OAS was 100% funded by the government when it was originally established. However, in the current year, government funding has been reduced to 75% of capital and operating expenditures, and funding will be reduced by a quarter of the full amount for each of the next three years until OAS is completely self-sufficient. The government will continue to fund specific events and projects undertaken by OAS. If OAS is unable to generate sufficient funds from these and other sources, the government may cut future funding altogether. In the past, the OAS financial statements were reviewed, but starting with the 2013 year the government has required an unqualified audit report as a condition for funding. The prior years' review engagements were completed by your firm.

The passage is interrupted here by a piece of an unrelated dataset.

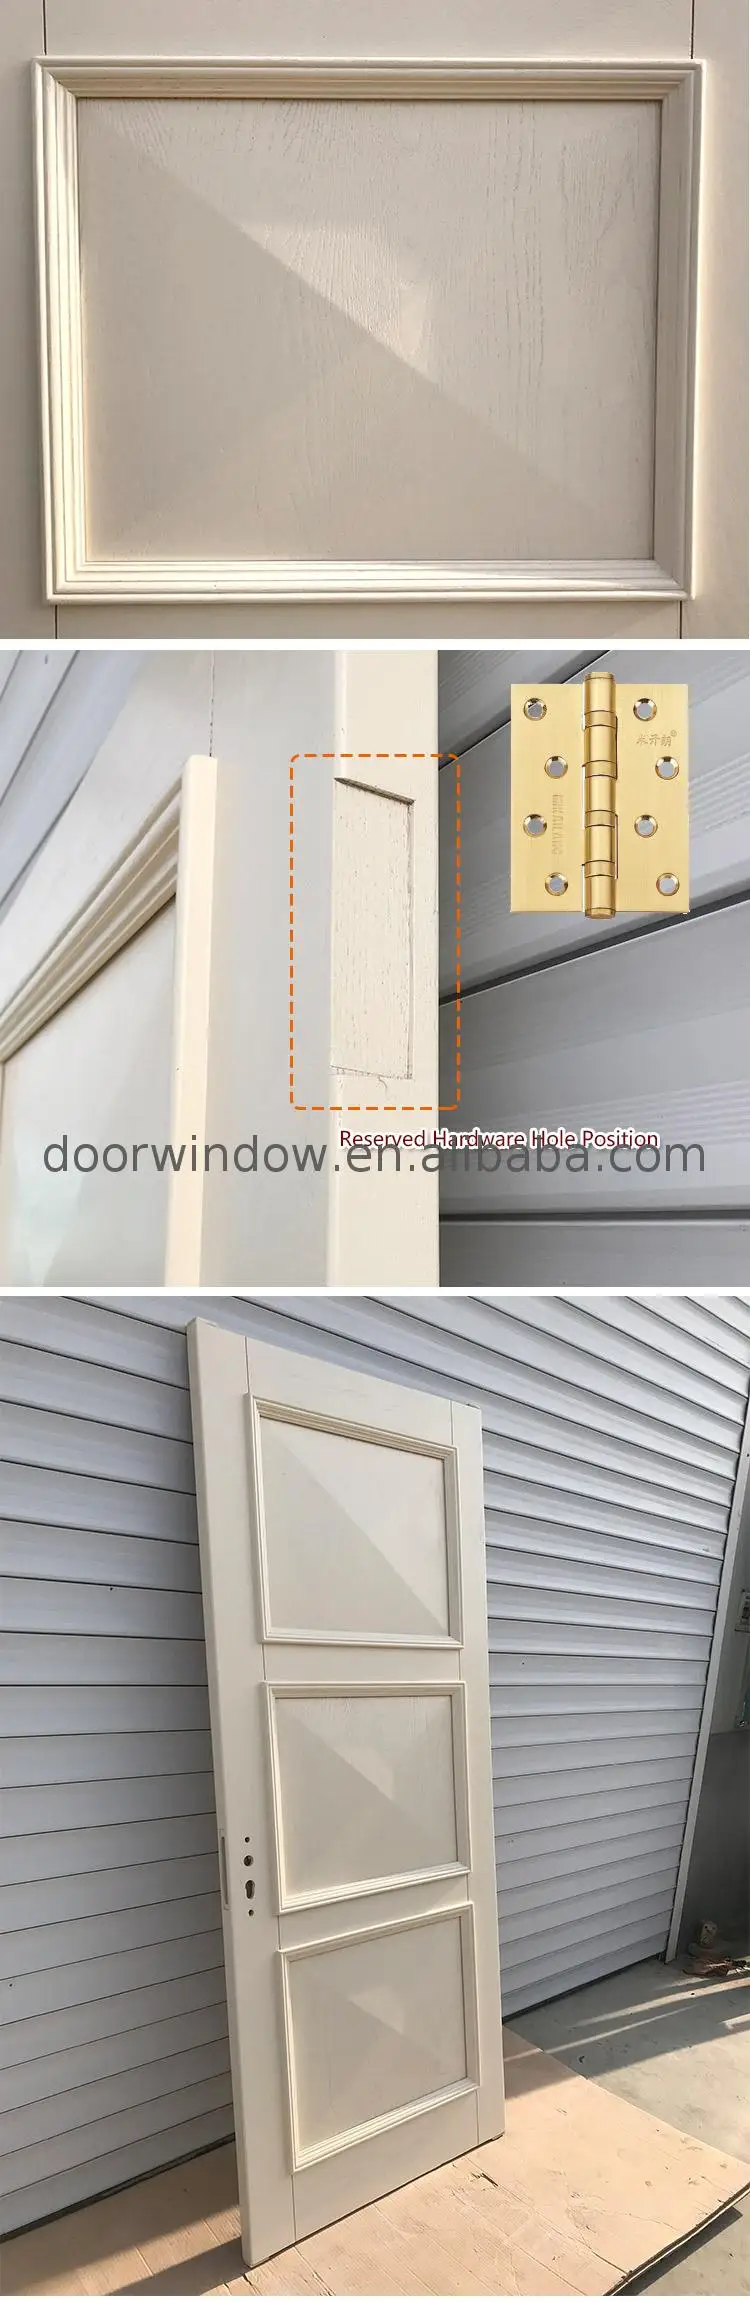 Wooden doors for home design catalogue door slats

In addition to the government funding, the organization also receives funding from corporations and not-for profit organizations for special projects, such as retreats and seminars attended by educators. Any funds remaining after a project is completed must be repaid to the funding entity. Some have asked for assurance on the financial information provided by OAS for the projects they funded. They would like to ensure that the expenses actually relate to the project sponsored. Cathy Letourneau, office manager and accountant at OAS, is not sure how to meet the requirements of these organizations.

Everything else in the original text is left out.